I know somebody here has got to know the inside poop on "*Bushwhacker**®*" fire ant bait. From what I've researched so far it sounds like a David and Golliath situation to me. Big business forces out the little guy because the little guys product was the "real deal". I did read the USDA report on it and it was one of three that contained the proper ingredients to effectively wipe out fire ants but not effect the good ants which help to slow the spread of fire ants. I have found one source that has it for sale for $2,500 but it seems the manufacturer is out of business. The label states that 350#s will treat 110 acres. That's a pretty good coverage I would think. Any further knowledge of this stuff???


----------



## Dalmatian90 (Aug 29, 2013)

Just out of curiousity...found this on Google in about 1.2 seconds:

http://killmdead.successfast.net/files_custom/5648_531.pdf

Its just boric acid...something used for ages as a pesticide.

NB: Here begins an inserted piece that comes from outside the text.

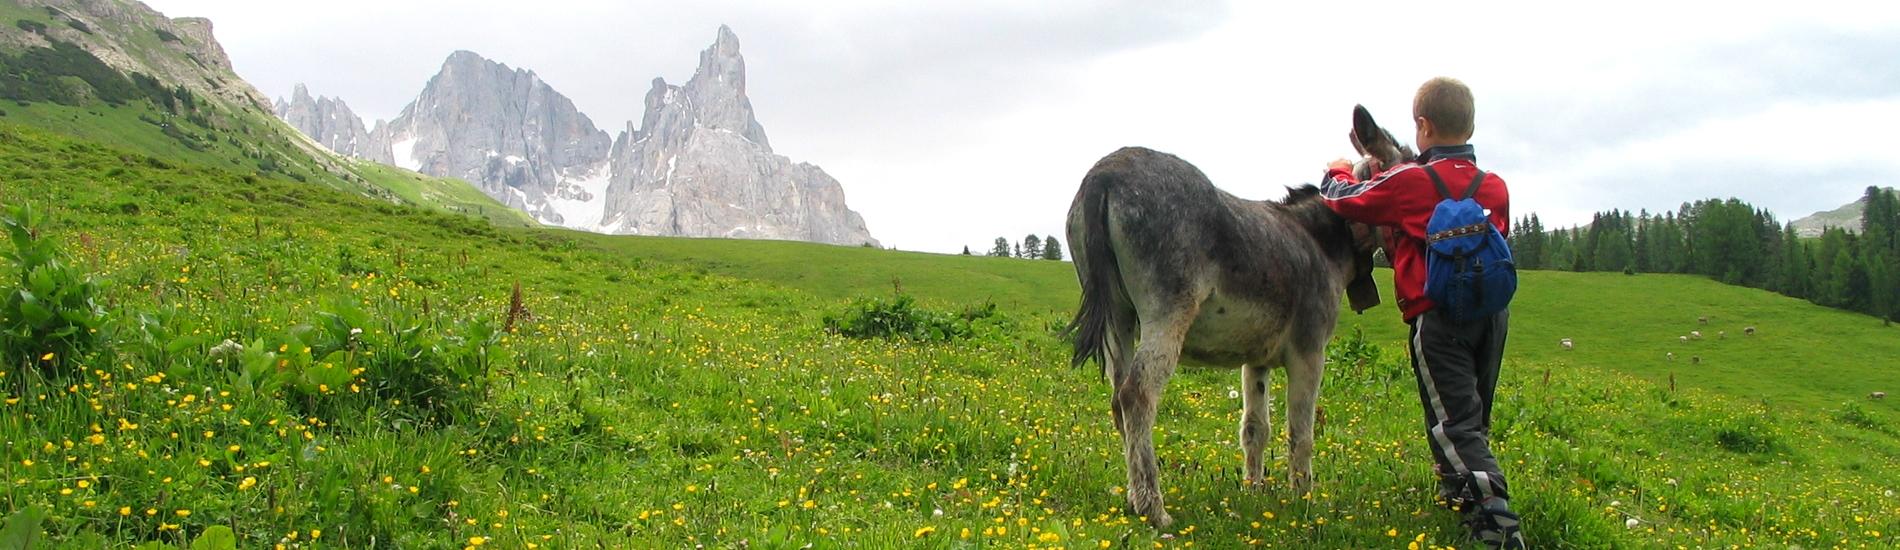 Escursioni in Malga in Trentino

My guess the inert ingredients is a bit of sugar to attract the fire ants to bring it back to the nest, and some stuff to keep moisture from caking it up.


----------



## Sawdust7 (Sep 3, 2013)

I'm sorry for the late response Dalmatian90, everything that could break around this old place decided to do so all at the same time. I found that site you posted and it seems to be the only site advertising it. Evidently the stuff is no longer in manufacture unless it's in some other country and not available here. My reason of curiosity is because I became the proud owner of a 350# drum of it that was included in an auction lot I won. It's not granular like the Amdro is. It's more of a redish lightly moist powder. It's packed tight but breaks right up when you dig into it. I haven't decided whether to use it to treat my pastures or to try to sell it. I was hoping to find out if anybody here has first hand knowledge of it's effectiveness. Evidently it's not well known.


----------